Common mistakes and self-check
- Mistake: Returning all rows and counting in application code. Fix: Return only violating rows; zero rows means pass.
- Mistake: Unbounded scans. Fix: Add safe date filters or process in batches.
- Mistake: Ambiguous logic. Fix: Pair with domain stakeholders and add explicit CASE reasons.
- Mistake: Flaky time comparisons. Fix: Normalize timestamps to a consistent timezone and truncate to stable units if needed.
Self-check prompts
- Can a human read the reason and know what to fix?
- Does the test pass on known-good data and fail on seeded bad cases?
- Is the rule uniquely identified by the test name?
Practical projects
- Project 1: Create a test suite for your core facts (orders, payments, subscriptions). Include at least five business rules.
- Project 2: Add rule-based tests to your CI. Block merges when critical rules fail; warn on soft rules.
- Project 3: Build a daily violation summary table with counts per rule and top offenders to prioritize fixes.
Learning path
- Start: Basic data quality checks (nulls, uniqueness, referential integrity).

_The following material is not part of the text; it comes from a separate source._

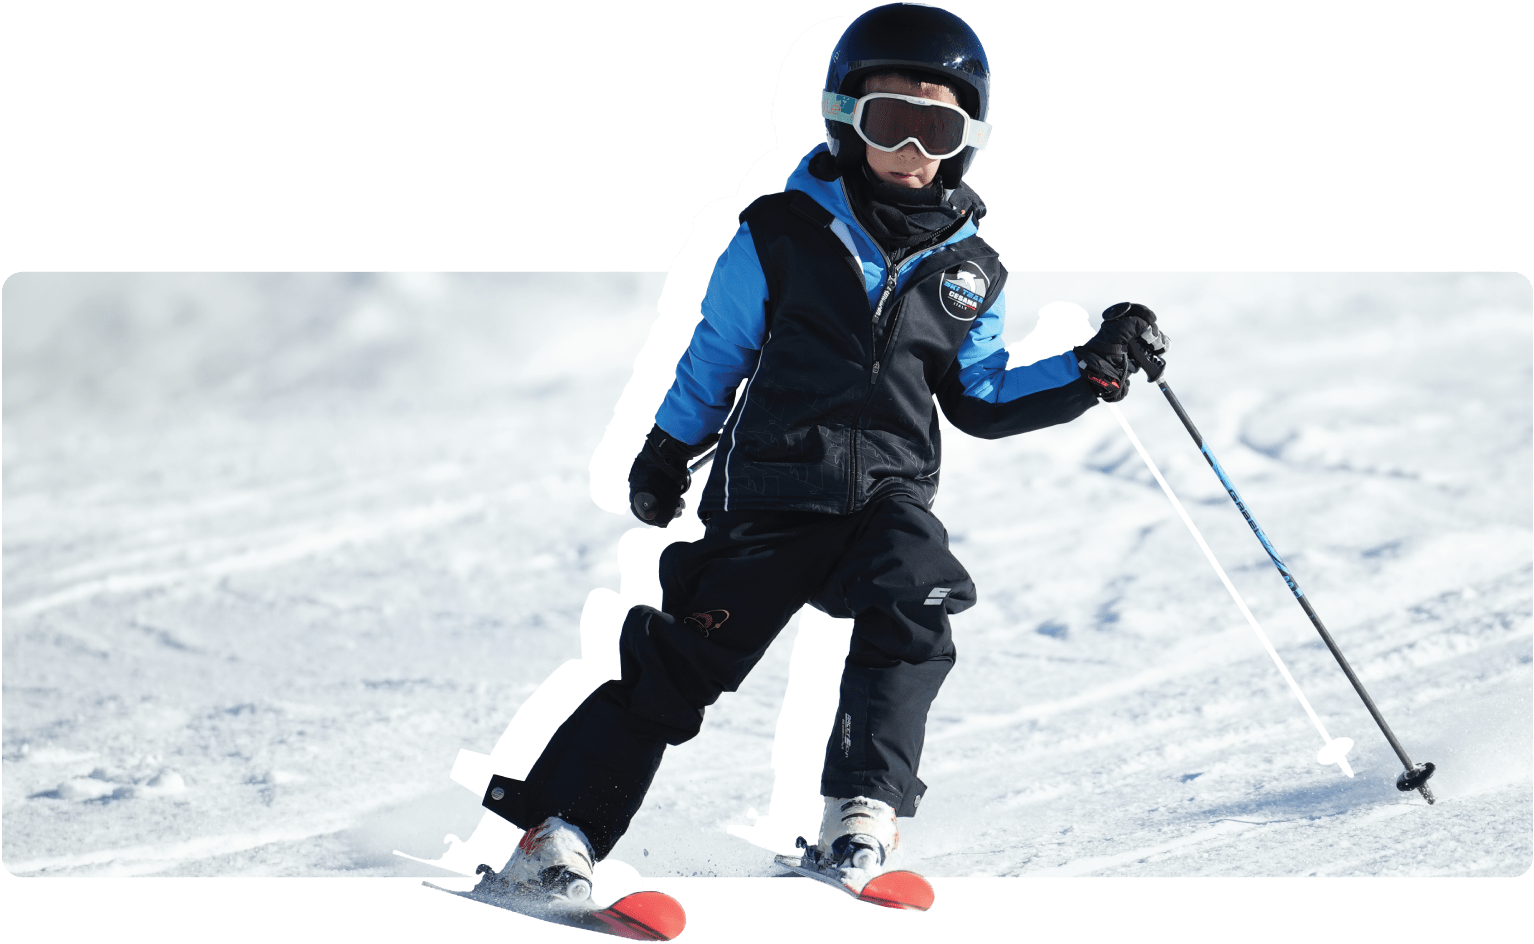 bambino ski team cesana

- Next: Custom business-rule tests (this lesson).
- Then: Test orchestration and alerting, SLA dashboards, and test-driven modeling.
Next steps
- Implement two of the example tests in your environment today.
- Review failures with stakeholders and adjust rules as needed.
- Add explanations to your team wiki for each rule.
Mini challenge
Write a test that ensures discounts cannot exceed 50% unless customer_tier = 'employee'. Return order_id, discount_rate, tier, and a reason. Keep it scoped to the last 60 days.